[Data extracted from a collection]
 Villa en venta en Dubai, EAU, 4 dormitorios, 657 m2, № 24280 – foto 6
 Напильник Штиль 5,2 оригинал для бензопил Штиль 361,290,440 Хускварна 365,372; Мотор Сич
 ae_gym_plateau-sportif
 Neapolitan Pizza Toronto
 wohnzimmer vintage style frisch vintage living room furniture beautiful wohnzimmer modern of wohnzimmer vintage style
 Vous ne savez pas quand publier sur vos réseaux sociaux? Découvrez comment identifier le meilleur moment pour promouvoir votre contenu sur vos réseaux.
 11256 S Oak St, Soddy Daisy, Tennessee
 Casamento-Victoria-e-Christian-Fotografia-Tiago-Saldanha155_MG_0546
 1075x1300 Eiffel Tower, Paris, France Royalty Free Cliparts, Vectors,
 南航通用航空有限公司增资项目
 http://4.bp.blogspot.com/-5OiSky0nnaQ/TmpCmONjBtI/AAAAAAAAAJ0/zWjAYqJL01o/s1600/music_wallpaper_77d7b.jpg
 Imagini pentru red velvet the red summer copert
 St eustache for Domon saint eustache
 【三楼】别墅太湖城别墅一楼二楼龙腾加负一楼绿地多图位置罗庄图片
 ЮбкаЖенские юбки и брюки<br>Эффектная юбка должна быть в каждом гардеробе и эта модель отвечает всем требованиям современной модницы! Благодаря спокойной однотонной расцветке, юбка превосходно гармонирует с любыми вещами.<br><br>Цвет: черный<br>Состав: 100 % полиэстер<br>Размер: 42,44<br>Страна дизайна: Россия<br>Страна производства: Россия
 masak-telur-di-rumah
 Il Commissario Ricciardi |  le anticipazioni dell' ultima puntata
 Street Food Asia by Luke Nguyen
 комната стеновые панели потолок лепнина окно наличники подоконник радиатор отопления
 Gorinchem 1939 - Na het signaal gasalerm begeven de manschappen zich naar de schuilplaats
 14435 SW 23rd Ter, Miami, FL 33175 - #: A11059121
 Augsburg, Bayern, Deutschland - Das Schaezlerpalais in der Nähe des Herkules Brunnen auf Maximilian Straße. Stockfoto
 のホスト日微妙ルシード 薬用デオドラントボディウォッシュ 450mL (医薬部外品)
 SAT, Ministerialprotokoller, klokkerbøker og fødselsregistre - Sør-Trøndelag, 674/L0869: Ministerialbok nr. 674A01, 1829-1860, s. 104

> **EXERCISE INSTRUCTIONS**: Without altering a single word, transcribe the entries above.

> **SOLUTION TO THIS EXERCISE**:
 Villa en venta en Dubai, EAU, 4 dormitorios, 657 m2, № 24280 – foto 6
 Напильник Штиль 5,2 оригинал для бензопил Штиль 361,290,440 Хускварна 365,372; Мотор Сич
 ae_gym_plateau-sportif
 Neapolitan Pizza Toronto
 wohnzimmer vintage style frisch vintage living room furniture beautiful wohnzimmer modern of wohnzimmer vintage style
 Vous ne savez pas quand publier sur vos réseaux sociaux? Découvrez comment identifier le meilleur moment pour promouvoir votre contenu sur vos réseaux.
 11256 S Oak St, Soddy Daisy, Tennessee
 Casamento-Victoria-e-Christian-Fotografia-Tiago-Saldanha155_MG_0546
 1075x1300 Eiffel Tower, Paris, France Royalty Free Cliparts, Vectors,
 南航通用航空有限公司增资项目
 http://4.bp.blogspot.com/-5OiSky0nnaQ/TmpCmONjBtI/AAAAAAAAAJ0/zWjAYqJL01o/s1600/music_wallpaper_77d7b.jpg
 Imagini pentru red velvet the red summer copert
 St eustache for Domon saint eustache
 【三楼】别墅太湖城别墅一楼二楼龙腾加负一楼绿地多图位置罗庄图片
 ЮбкаЖенские юбки и брюки<br>Эффектная юбка должна быть в каждом гардеробе и эта модель отвечает всем требованиям современной модницы! Благодаря спокойной однотонной расцветке, юбка превосходно гармонирует с любыми вещами.<br><br>Цвет: черный<br>Состав: 100 % полиэстер<br>Размер: 42,44<br>Страна дизайна: Россия<br>Страна производства: Россия
 masak-telur-di-rumah
 Il Commissario Ricciardi |  le anticipazioni dell' ultima puntata
 Street Food Asia by Luke Nguyen
 комната стеновые панели потолок лепнина окно наличники подоконник радиатор отопления
 Gorinchem 1939 - Na het signaal gasalerm begeven de manschappen zich naar de schuilplaats
 14435 SW 23rd Ter, Miami, FL 33175 - #: A11059121
 Augsburg, Bayern, Deutschland - Das Schaezlerpalais in der Nähe des Herkules Brunnen auf Maximilian Straße. Stockfoto
 のホスト日微妙ルシード 薬用デオドラントボディウォッシュ 450mL (医薬部外品)
 SAT, Ministerialprotokoller, klokkerbøker og fødselsregistre - Sør-Trøndelag, 674/L0869: Ministerialbok nr. 674A01, 1829-1860, s. 104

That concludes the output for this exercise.